Rava estaba tendida a su lado, todavía jadeando, sus tentáculos temblando como si aún no hubieran decidido si arrastrarlo hacia abajo o estrangularlo en agradecimiento.
Y entonces volvió la cabeza —miró directamente a Sira.
La princesa del Orgullo no se había movido de su silla, copa de vino todavía en mano, ojos fijos en él con la suficiencia de alguien que había orquestado todo esto desde el principio.
—Ven aquí —llamó Lux, su voz áspera por la lujuria pero con un borde de comando—. Únete a nosotros.
La sonrisa de Sira se curvó más afilada. Dejó su copa delicadamente, cruzando una pierna perfecta sobre la otra. —No has terminado aún, Lux —afirmó.
Él parpadeó, su pecho subiendo con fuerza. —¿Qué quieres decir con que no he terminado? —siseó.
Fue entonces cuando Rava, aún temblando, se incorporó lo suficiente para tenderse sobre su espalda. Sus brazos se cerraron a su alrededor desde atrás, sus pechos presionando contra sus hombros mientras sus labios rozaban su oído.
—Eso —susurró sin aliento—, fue solo el preludio.
El cerebro de Lux se trabó. —…¿Preludio?
Naomi rió suavemente, pero con un borde de hambre cruda.

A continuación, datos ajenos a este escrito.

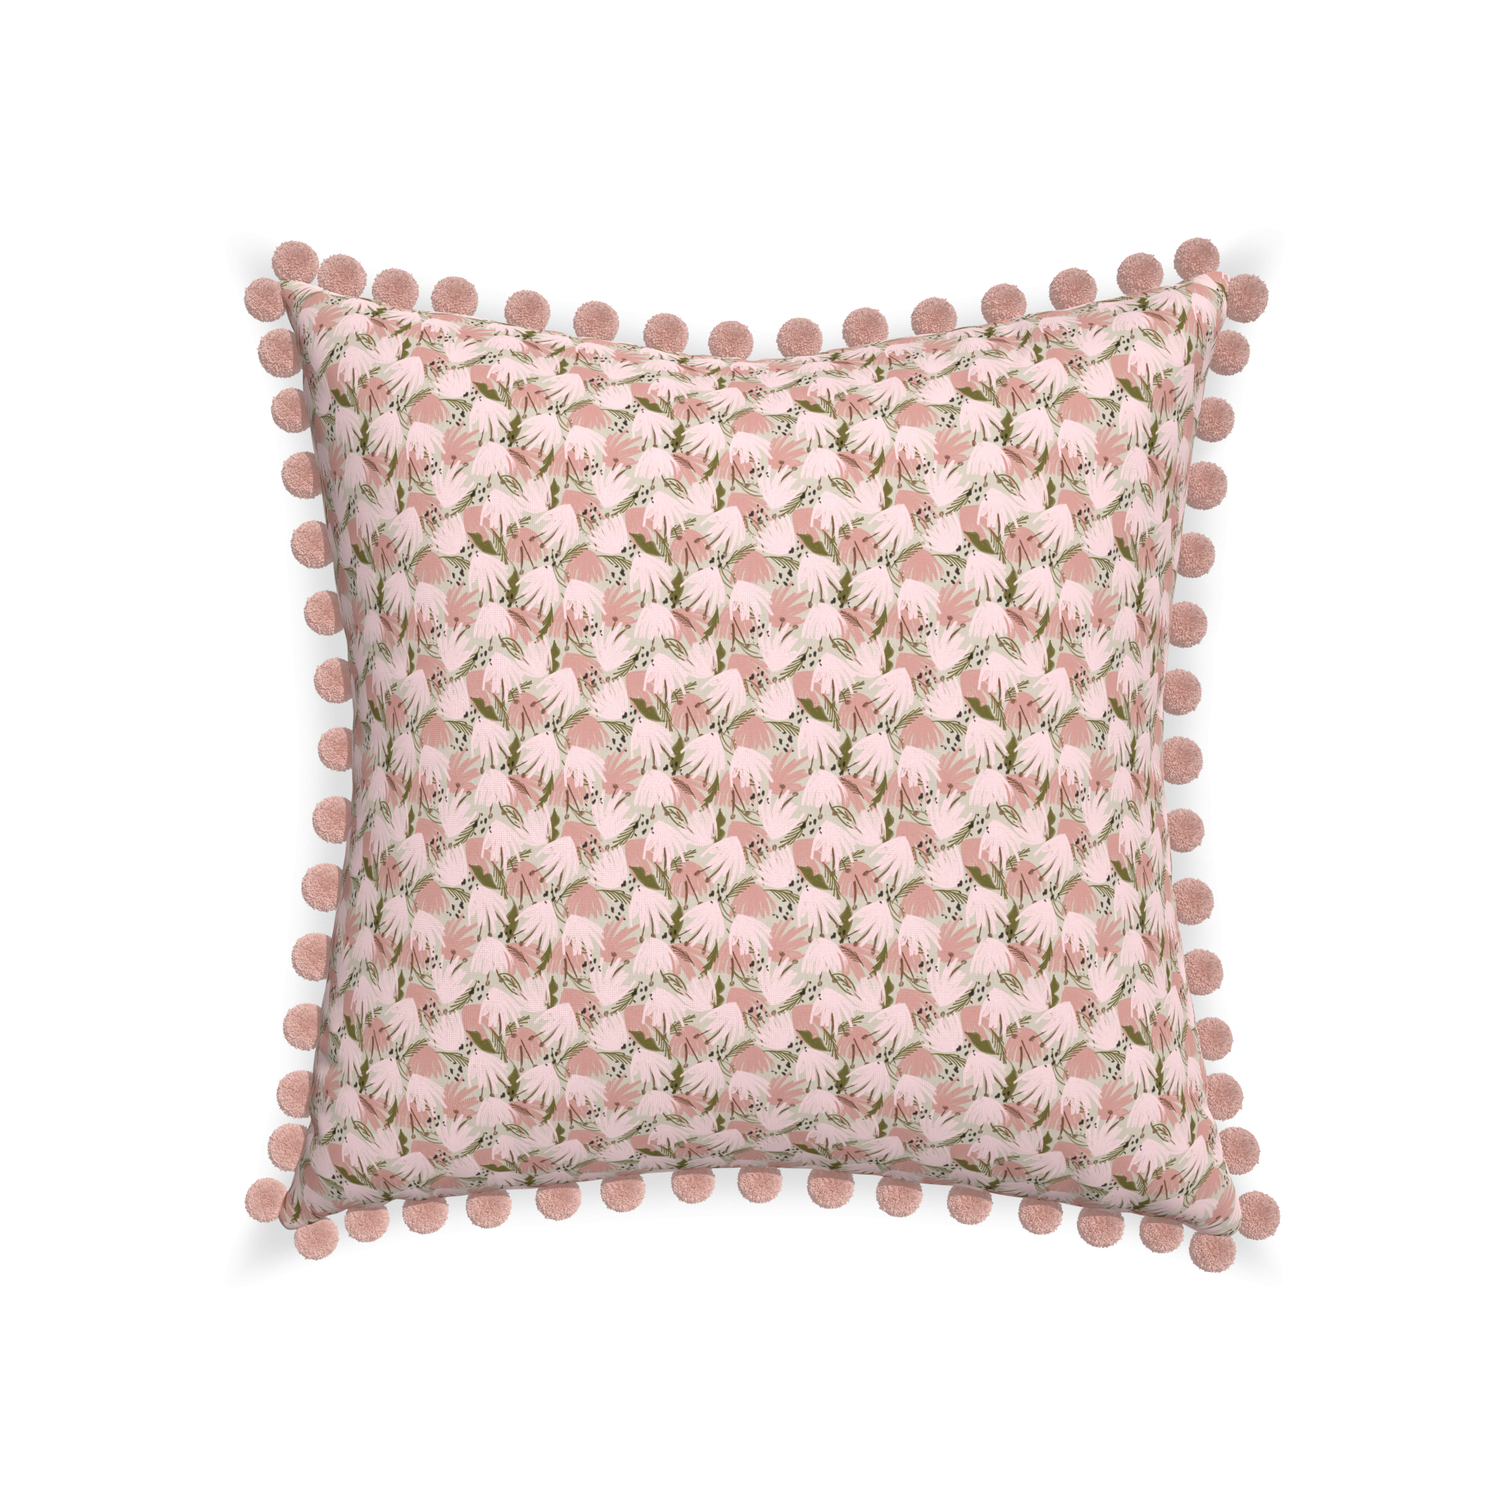 22-square eden pink custom pink floralpillow with rose pom pom on white background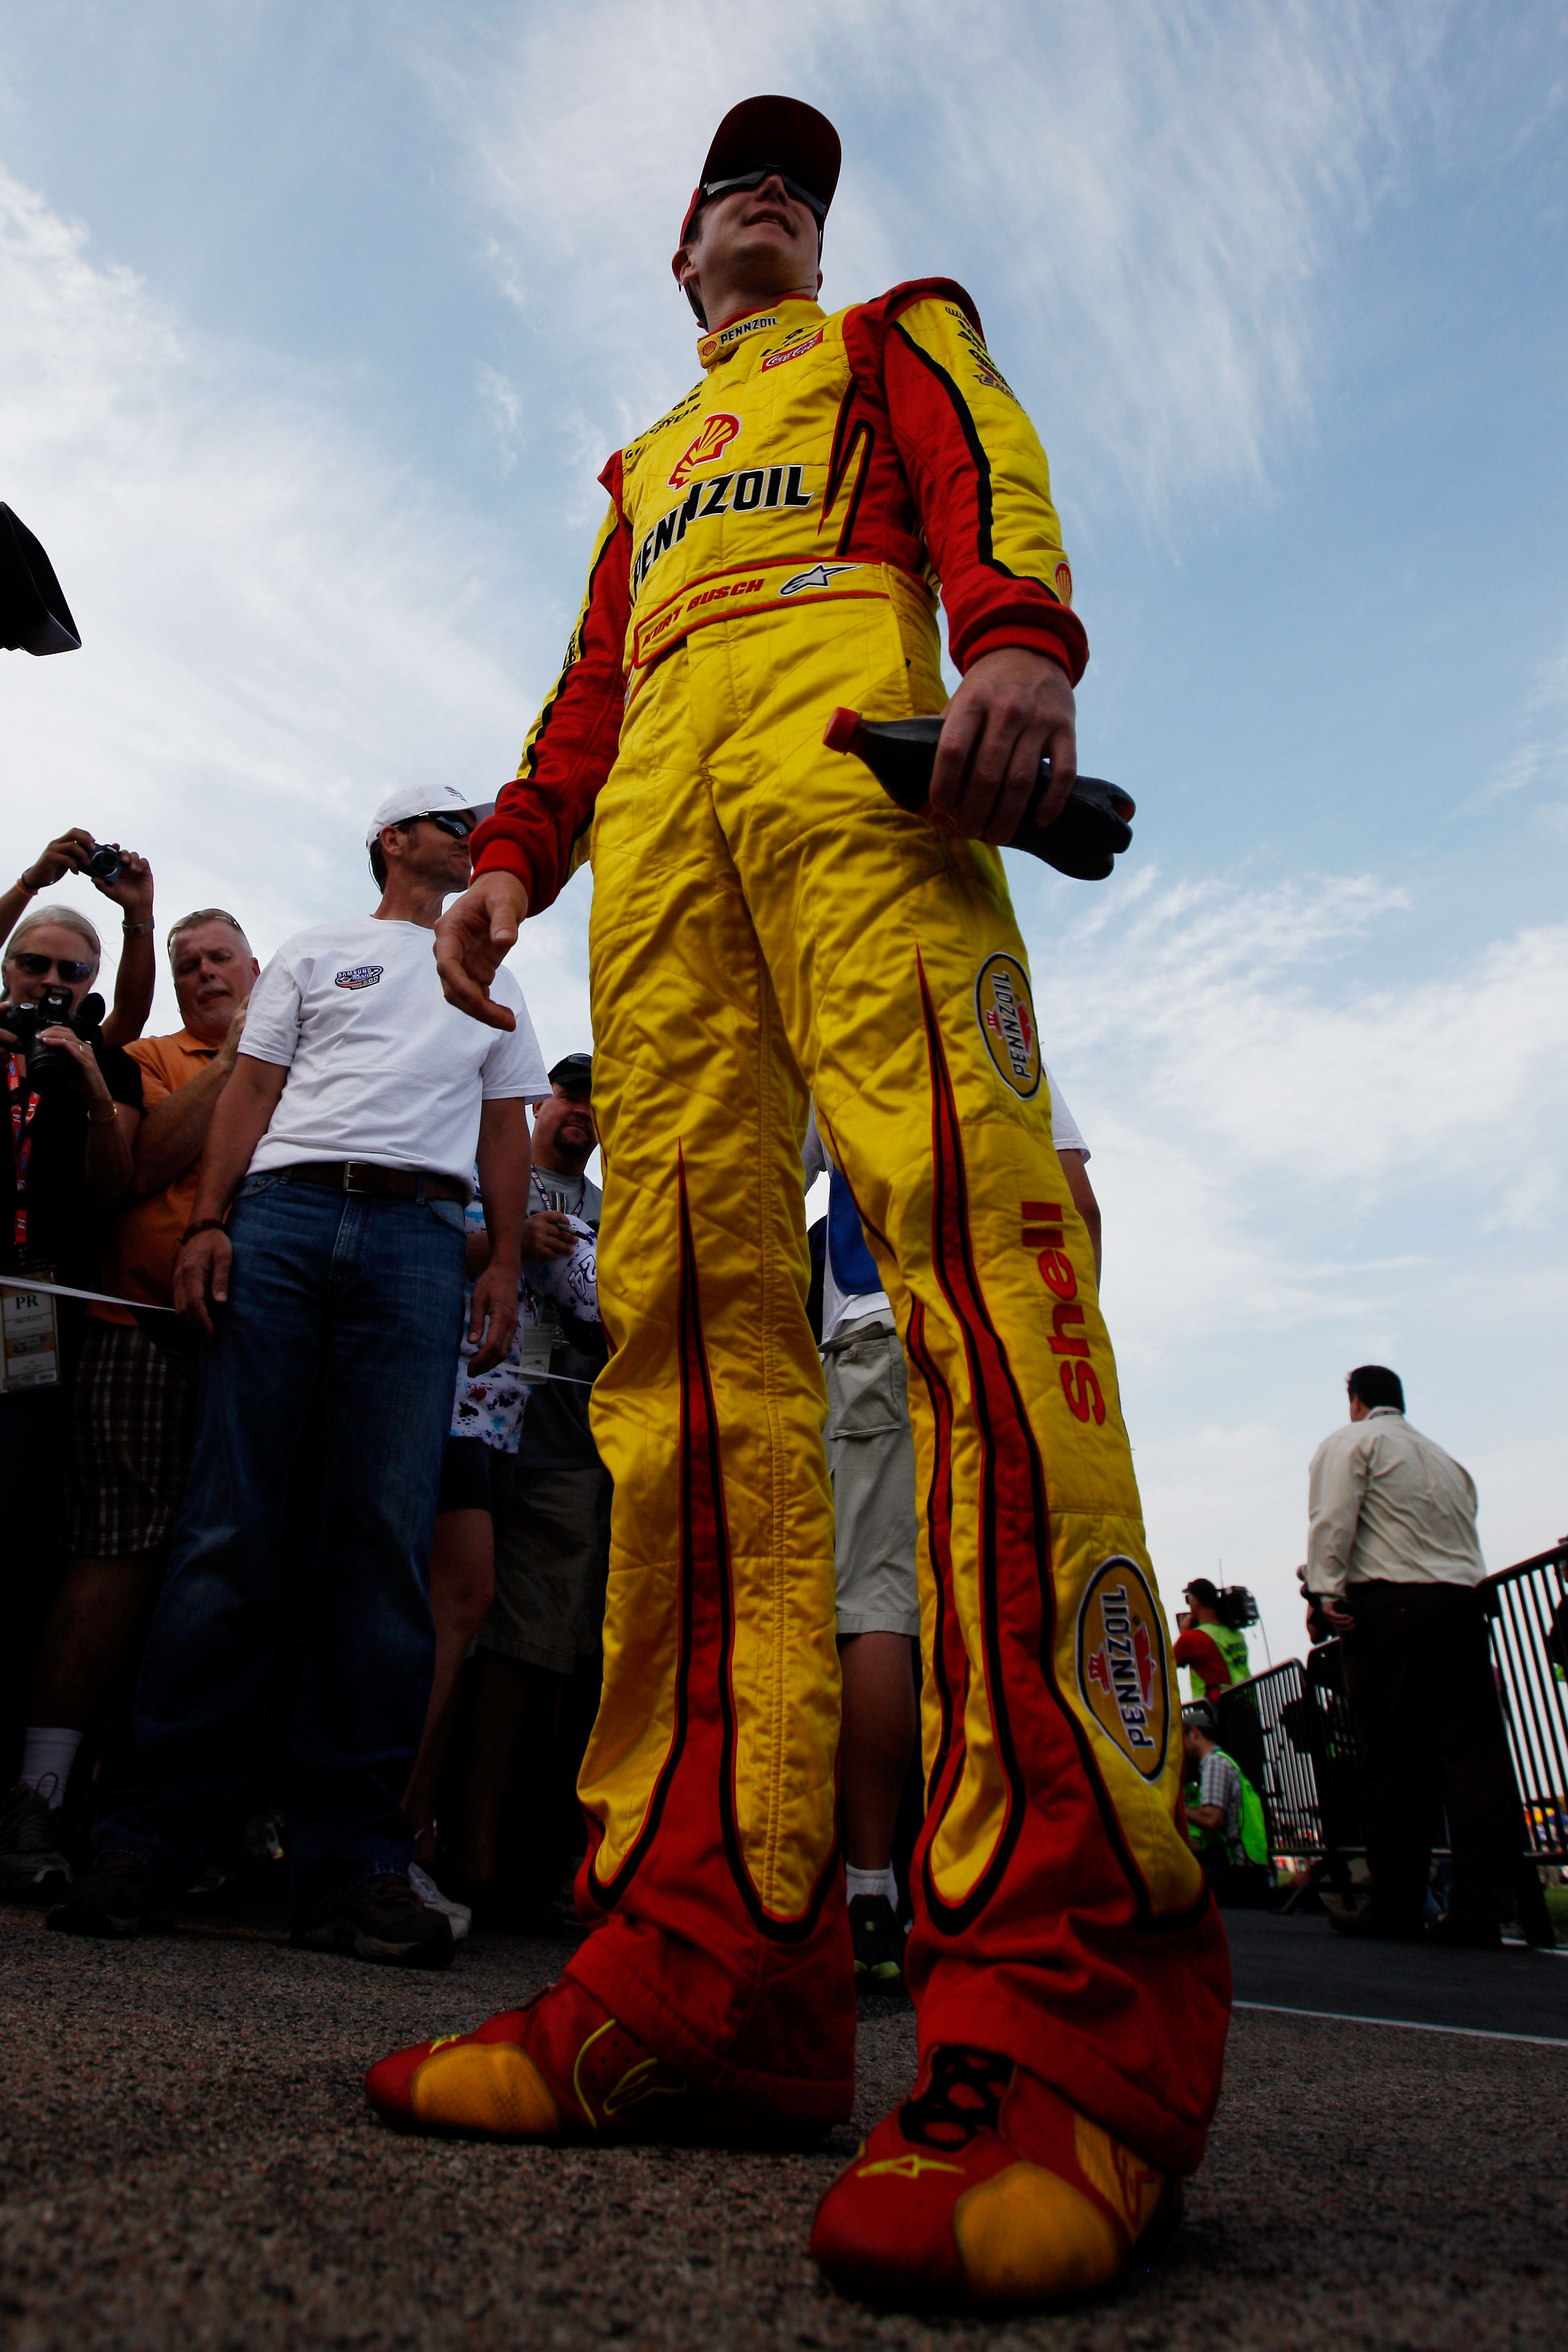 FORT WORTH, TX - APRIL 09:  Kurt Busch, driver of the #22 Shell/Pennzoil Dodge, stands on the track prior to the NASCAR Sprint Cup Series Samsung Mobile 500 at Texas Motor Speedway on April 9, 2011 in Fort Worth, Texas.  (Photo by Chris Graythen/Getty Ima

Se deslizó frente a él, sentándose sobre sus rodillas, y con deliberada lentitud acunó sus pechos con ambas manos. Rodó sus pulgares sobre sus pezones, provocándolos hasta que se elevaron duros y rojos. Su mirada nunca abandonó la de él, mejillas sonrojadas, labios entreabiertos.
—¿Ves? —dijo suavemente, ofreciéndose—. Apenas estoy empezando.